Yesterday, two comics from Seattle writer G. Willow Wilson landed in comics shops — one issue from near the end of a celebrated run on a superhero title, and one issue from the beginning of a promising new run.
It's kind of unbelievable that Wilson is just one issue away from being done with Ms. Marvel, the successful superhero she created for Marvel Comics five years ago. The character feels inseparable from Wilson at an atomic level — other writers have handled her well, but she always sounds slightly off, like a guitar with a too-loose string.
Issue 37 of Ms. Marvel, Wilson's penultimate issue, is a self-contained story that celebrates everything great about the character: she's a member of a community, and a sister, and a daughter, and she's best when she stays a friendly neighborhood hero. It's a fun issue with some physical comedy and action and some drama and superheroics — the formula that has made Ms. Marvel such a standout for the whole of Wilson's run. (If you need a primer, I've written at length about this series before.)
Wilson has been writing Wonder Woman at DC Comics for several months now, and while her first story on the title was an entertaining Wonder Woman story, it didn't exactly feel like a G. Willow Wilson Wonder Woman story. The plot involved Ares the God of War — probably not coincidentally, the villain in the first Wonder Woman movie — and it involved all the usual Wonder Woman characters and situation.

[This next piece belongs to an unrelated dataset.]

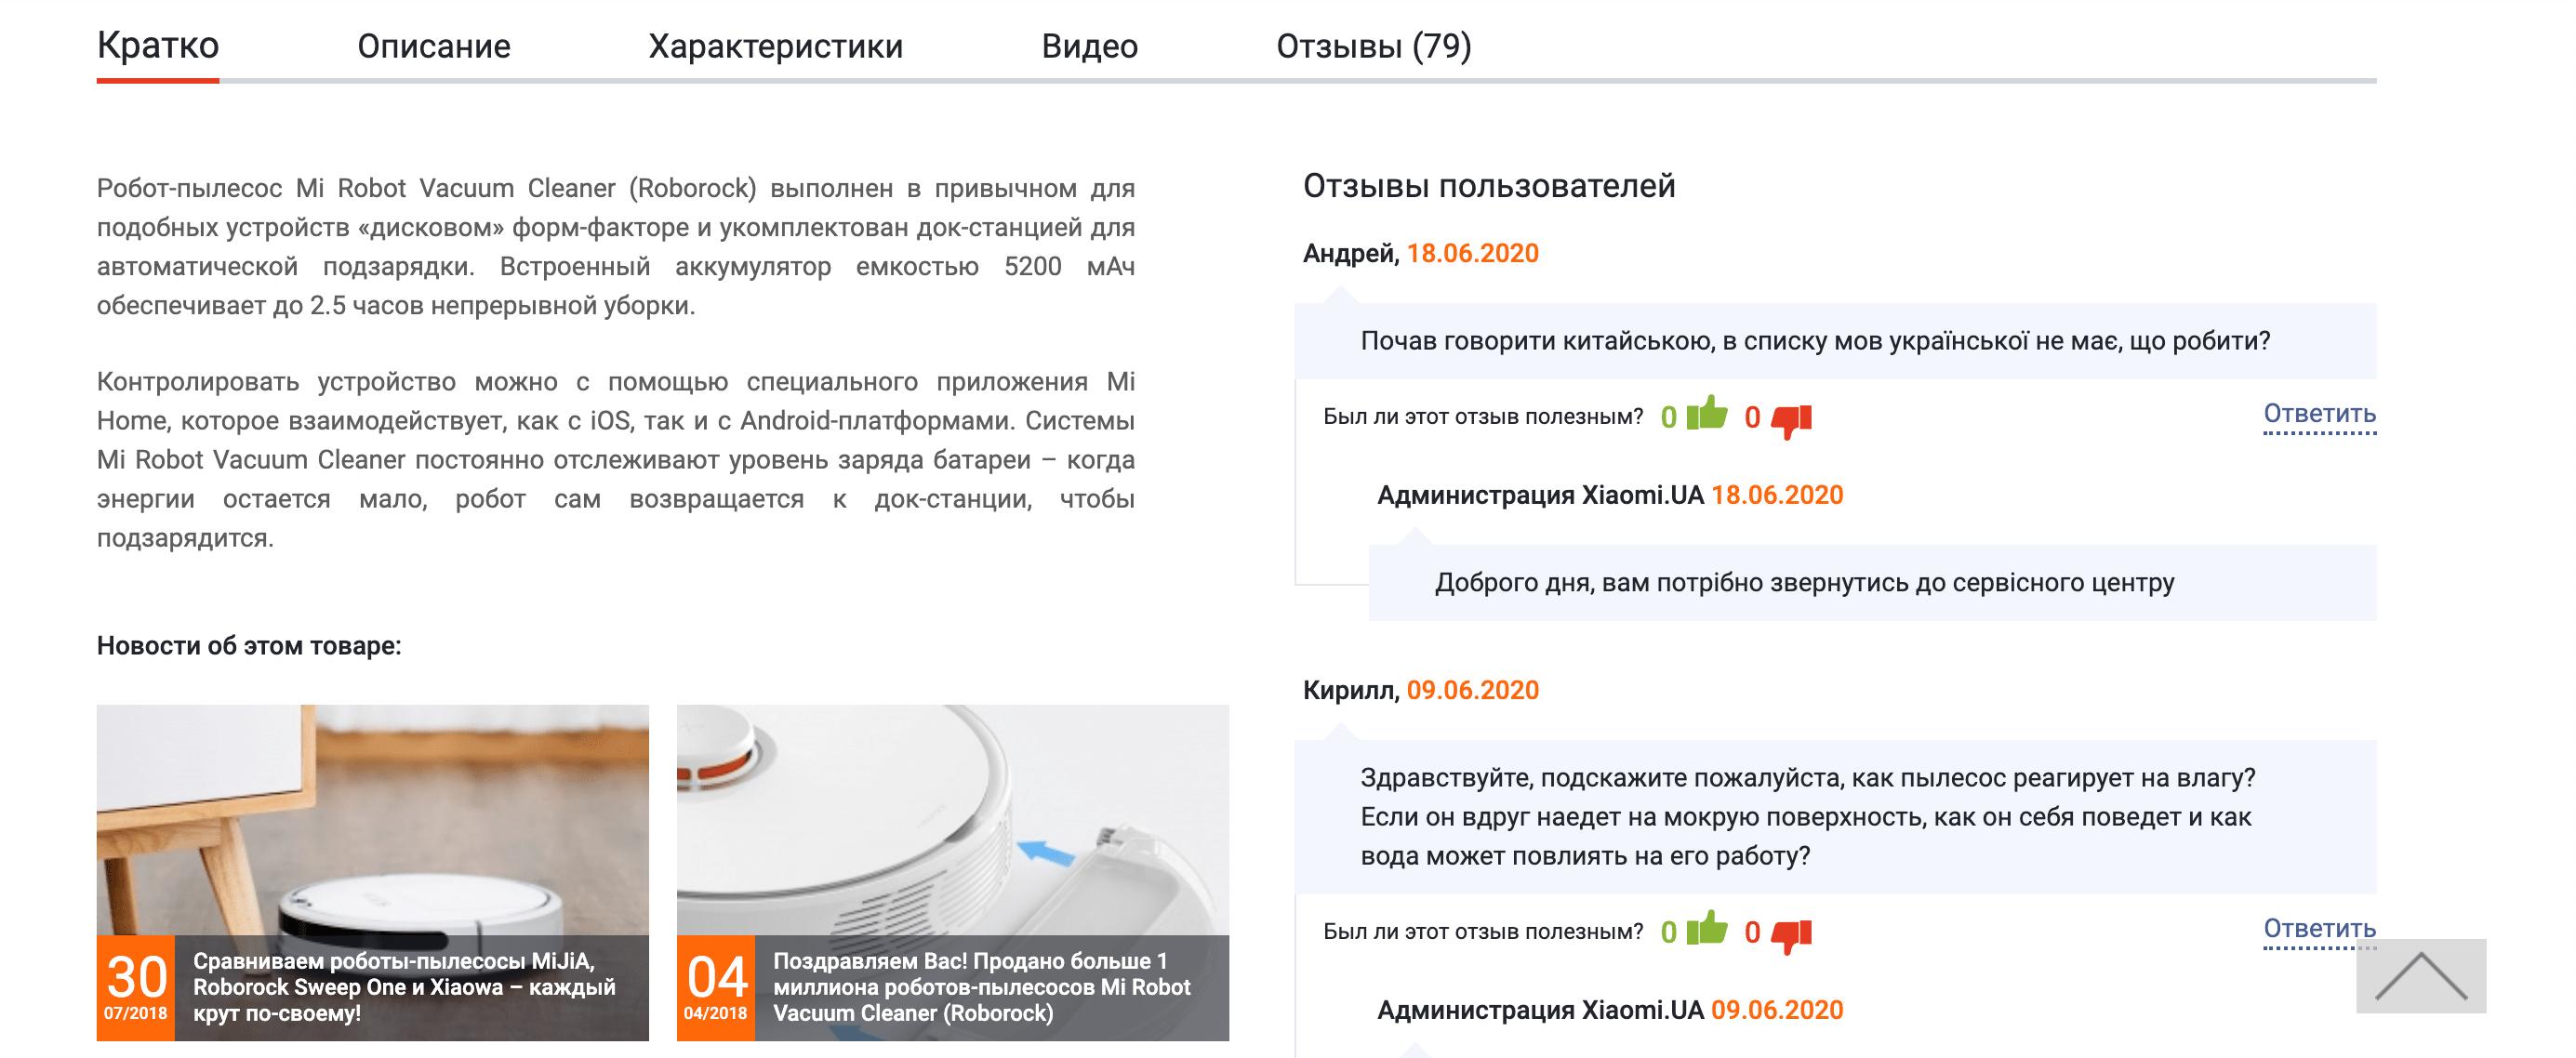 Пример сайта с детальной информацией о товаре

Wonder Woman 63, though, feels like the unofficial true first issue of Wilson's tenure. It's about a minotaur, a pegasus, and a satyr who are trying to fit in to ordinary human life in Washington DC. Wonder Woman appears briefly in the issue, but she's not the focus. It's a story about some profoundly weird people — I use the term loosely — doing their best to hold it together in extreme circumstances, and it's entirely delightful.
"There are elections coming up," a customs agent tells the magical creatures in the beginning of the issue as they try to enter the United States. "People are nervous." For the rest of the comic, they try to find a place in the world, to varying levels of success. Wonder Woman pops in to establish order and to encourage the trio. Like this week's issue of Ms. Marvel, there's no villain — but you won't miss the lack of antagonist in either book.
Hopefully, Wilson continues down this avenue for the rest of her time on Wonder Woman. By placing the fantastic charms of mythology directly up against the mundanity of ordering food in a restaurant, she can examine the themes that make all of Wilson's work so interesting: faith, and friendship, and what it means to be a good person in the world. These are questions that come up again and again in comics, and it's such a relief to know that Wilson is not done searching for the answers.